GORDON BLAKE, Petitioner, v. ROSEMARY NDOH, Respondent.


ORDER ON MOTION TO DISMISS

Re: Dkt. No. 13

Before me is respondent Rosemary Ndoh's motion to dismiss Claim I of Gordon Blake's petition for a writ of habeas corpus. Because the constitutional issue in that claim was not exhausted before the state courts, the motion is GRANTED without prejudice. The petition may proceed on the remaining two claims.

BACKGROUND

This motion concerns a narrow procedural issue. Accordingly, I discuss only those facts relevant to resolving it. Both parties agree on all operative facts.

Blake, who is represented by counsel, was convicted in California state court of committing various lewd and forceable lewd acts on four minors. See Points and Authority in Support of the Application for Writ of Habeas Corpus ("Pet.") [Dkt. No. 1-1] 2; Court of Appeal Decision ("COA") [Dkt. No. 13-1] 1-2. He was sentenced to a term of 194 years to life in prison. COA 2. The California Court of Appeal affirmed, id. 58, and the California Supreme Court denied a petition for review, Dkt. Nos. 13-2, 13-3. Blake is currently confined at Avenal State Prison. Dkt. No. 1 at 1.

On October 1, 2019, Blake filed his petition in this District. Dkt. No. 1. The case was eventually reassigned to me and I issued an order to show cause requiring Ndoh to answer or file a responsive motion in March 2020. Dkt. No. 7. After Blake filed a state habeas petition in the California Supreme Court, I granted his motion to stay proceedings. Dkt. No. 10. The California Supreme Court summarily denied the habeas petition in August 2020. Dkt. Nos. 13-3, 13-4. The parties stipulated to, and I approved, a briefing schedule that ended in December 2020. Dkt. No. 12.

Ndoh moves to dismiss Claim I (of three) of the petition for failure to exhaust. That claim argues that Blake's convictions on seven counts relating to three of the minors were unconstitutional. Pet. 22. Those counts depend on a finding of "substantial sexual conduct," here based on masturbation. COA 19.

DISCUSSION

"The Supreme Court, a Justice thereof, a circuit judge, or a district court shall entertain an application for a writ of habeas corpus in behalf of a person in custody pursuant to the judgment of a State court only on the ground that he is in custody in violation of the Constitution or laws or treaties of the United States." 28 U.S.C. § 2254(a).

Claim I of the petition argues that Blake's conviction on the relevant counts violated federal constitutional due process and/or the Ex Post Facto Clause. Pet. 22-25. The core of his argument is that the conduct he was convicted of qualifies as masturbation only under statutory amendments that were enacted after the statute of limitations expired on the charges. Pet. 36. Ndoh moves to dismiss because, she argues, this claim was not properly exhausted before the state courts. See generally Motion to Dismiss ("Mot.") [Dkt. No. 13].

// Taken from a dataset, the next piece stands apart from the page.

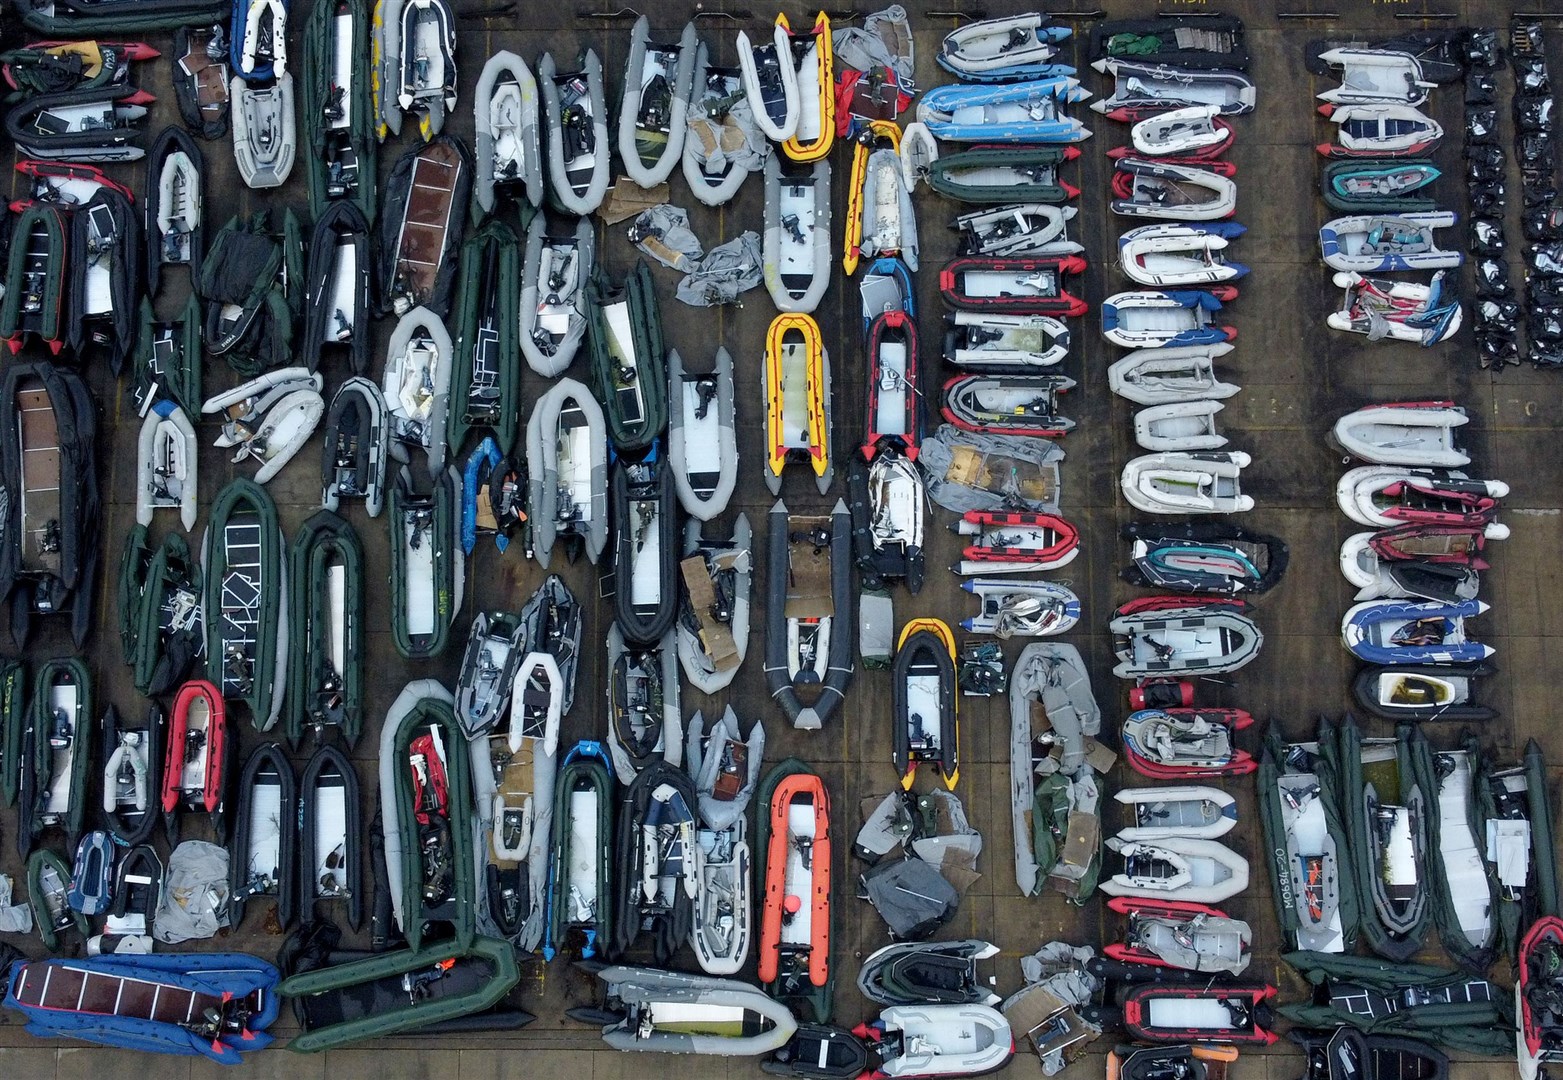 A view of one of two areas now being used at a warehouse facility in Dover, Kent, for boats used by people thought to be migrants (Gareth Fuller/PA)
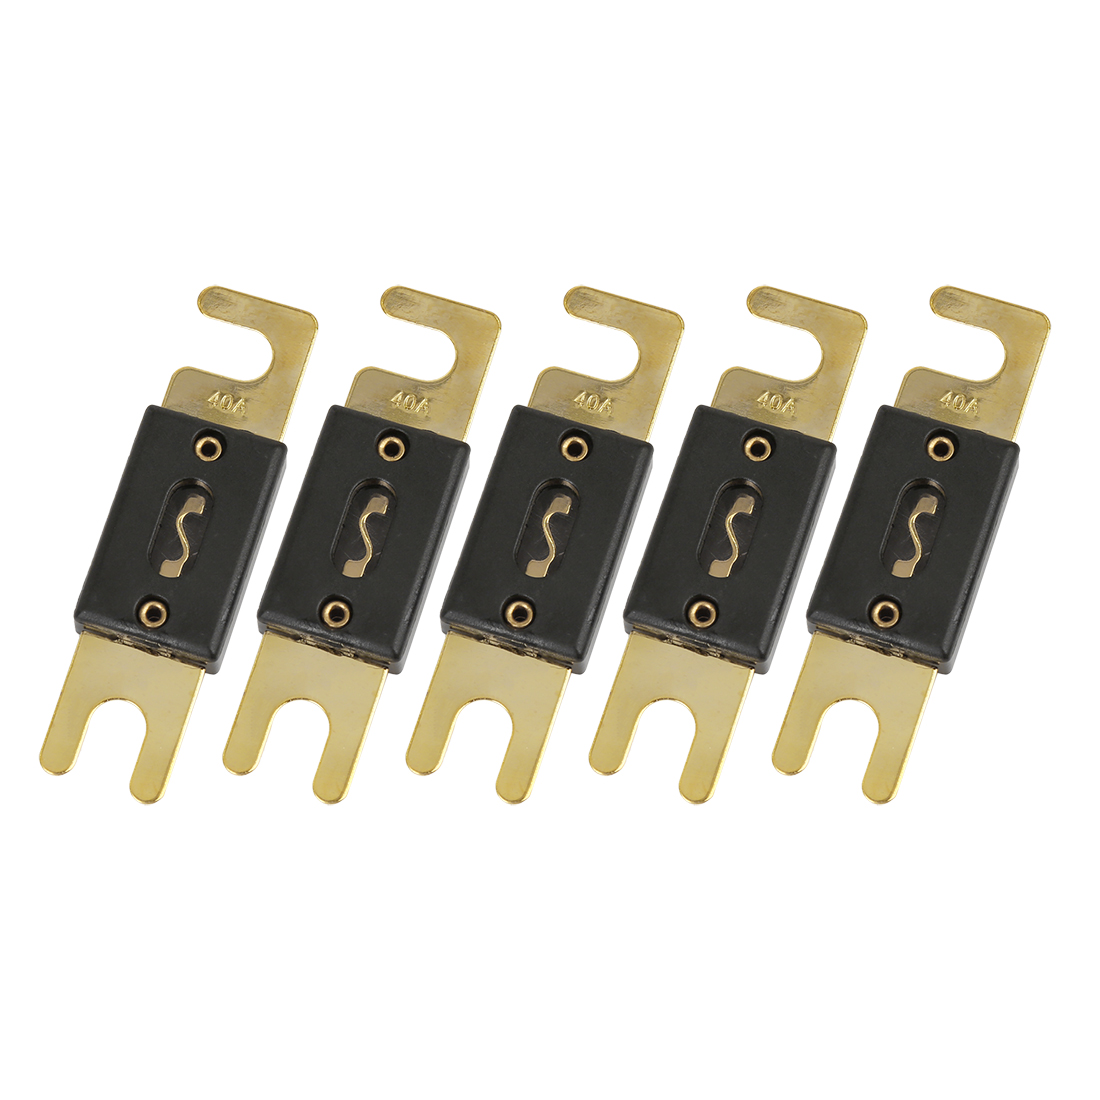 Unique Bargains 5 Pcs 40 Amp ANL Fuse Gold Tone Plated for Car Audio Video Stereo

Under 28 U.S.C. § 2254(b)(1), "[a]n application for a writ of habeas corpus on behalf of a person in custody pursuant to the judgment of a State court shall not be granted unless it appears that . . . the applicant has exhausted the remedies available in the courts of the State." Accordingly, "[b]efore a federal court may grant habeas relief to a state prisoner, the prisoner must exhaust his remedies in state court. In other words, the state prisoner must give the state courts an opportunity to act on his claims before he presents those claims to a federal court in a habeas petition." O'Sullivan v. Boerckel, 526 U.S. 838, 842 (1999). "Satisfying this exhaustion requirement ordinarily requires state prisoners to fairly present their federal legal theories to the state courts, so that those courts are alerted to the fact that the prisoners are asserting claims under the United States Constitution and thus given the opportunity to correct alleged violations of prisoners' federal rights." Arrendondo v. Neven, 763 F.3d 1122, 1138 (9th Cir. 2014) (internal quotation marks and alteration omitted).

There is no dispute about how this issue was and was not brought before the California state courts on direct appeal. Blake did not pursue it in the opening brief of his direct appeal to the Court of Appeal. He did raise it in the reply brief in the Court of Appeal. The Court of Appeal, in a footnote, declined to reach the argument, explaining that "[i]t is well settled that new arguments raised for the first time in the reply brief will not be considered out of fairness to the respondent, unless good reason is shown for the failure to present such point earlier." COA 31 n.11. It went on to hold that "defendant proffers no reason at all why we should depart from the general rule, and the contention is forfeited." Id. Blake also requested to file a supplemental brief on the issue, but the request was denied. Later, Blake did not raise the issue in his petition for review of this ruling in the California Supreme Court.

Ndoh argues that Blake failed to exhaust his claim. Notably, Blake did raise a separate but related argument about the counts before both courts that the Court of Appeal discussed extensively—namely that his conduct did not qualify as "substantial sexual conduct" under the statute and was, accordingly, time-barred. See COA 19.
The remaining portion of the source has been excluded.